Numerical weather prediction on AWS Graviton2
This post was contributed by Matt Koop, Principal Solutions Architect, HPC and Karthik Raman, Senior Solutions Architect, HPC
The Weather Research and Forecasting (WRF) model is a numerical weather prediction (NWP) system designed to serve both atmospheric research and operational forecasting needs. The WRF model serves a wide range of meteorological applications across scales ranging from meters to thousands of kilometers. WRF is one of the most widely used NWP models both in academia and industry with over 48,000 registered users spanning over 160 countries.
With the release of Arm-based AWS Graviton2 Amazon Elastic Compute Cloud (EC2) instances, a common question has been how these instances perform on large-scale NWP workloads. In this blog, we will present results from a standard WRF benchmark simulation and compare across three different instance types.
Amazon EC2 for NWP
AWS Graviton2 processors are custom built by AWS using the 64-bit Arm Neoverse cores to deliver great price performance for cloud workloads running in Amazon EC2. These instances are powered by 64 physical core AWS Graviton2 processors that use 64-bit Arm Neoverse N1 cores and custom silicon designed by AWS, built using advanced 7-nanometer manufacturing technology.
As NWP models often benefit from high-speed networking, we will evaluate the C6gn.16xlarge (64-core Graviton2-based instance) and the C5n.18xlarge (36-core Intel Skylake-based instance). Both of these instances have 100-Gbps networking bandwidth and have support for Elastic Fabric Adapter (EFA). To identify the performance achieved through the increased networking capabilities of C6gn, we also evaluate the C6g.
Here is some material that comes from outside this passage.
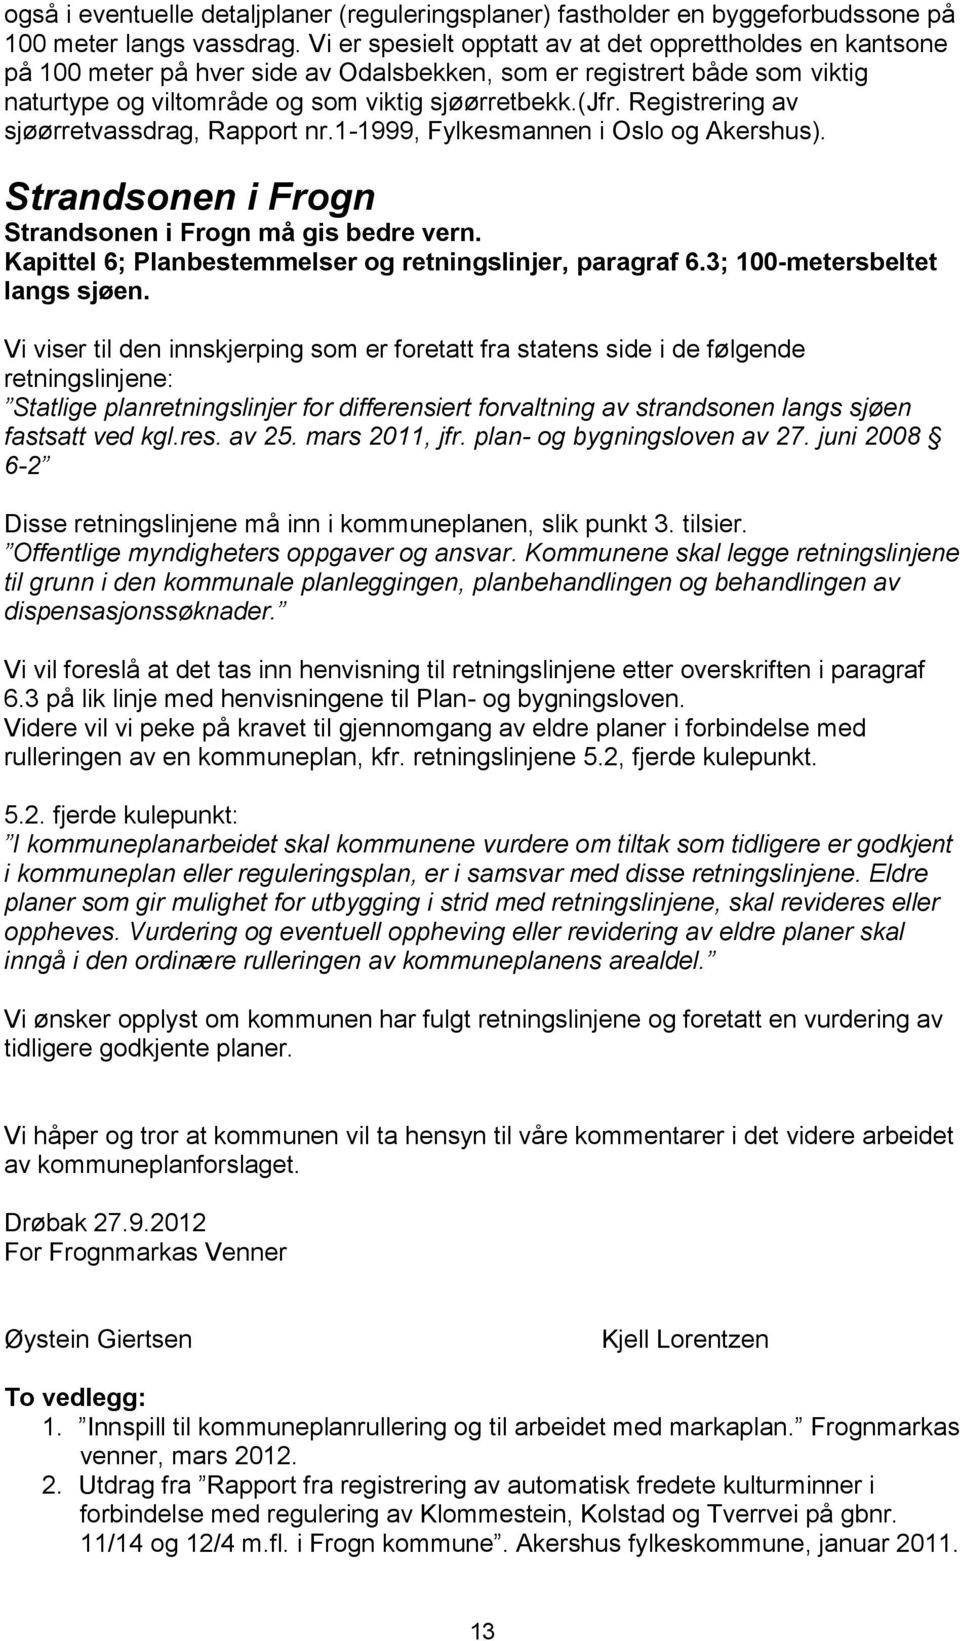 Registrering av sjøørretvassdrag, Rapport nr.1-1999, Fylkesmannen i Oslo og Akershus). Strandsonen i Frogn Strandsonen i Frogn må gis bedre vern.

The C6g instance has the same characteristics as the C6gn instance aside from the increased network capabilities.
WRF benchmarking case
The benchmark case used for this blog is the UCAR CONUS 2.5km dataset for WRFv4. We use the first 3 hours of this 6-hour simulation, 2.5 km resolution case covering the Continental U.S (CONUS) domain from November 2019 with a 15-second time step and total of around 90M grid points. Note that in the past, WRFv3 has commonly been benchmarked using a similar CONUS 2.5 km dataset, however, WRFv3 models are not compatible with WRFv4. Despite the similar name, this is a different model than that dataset.
Key performance elements
When benchmarking an application across different architectures, you must pay attention to several factors to minimize confounding factors in your analysis.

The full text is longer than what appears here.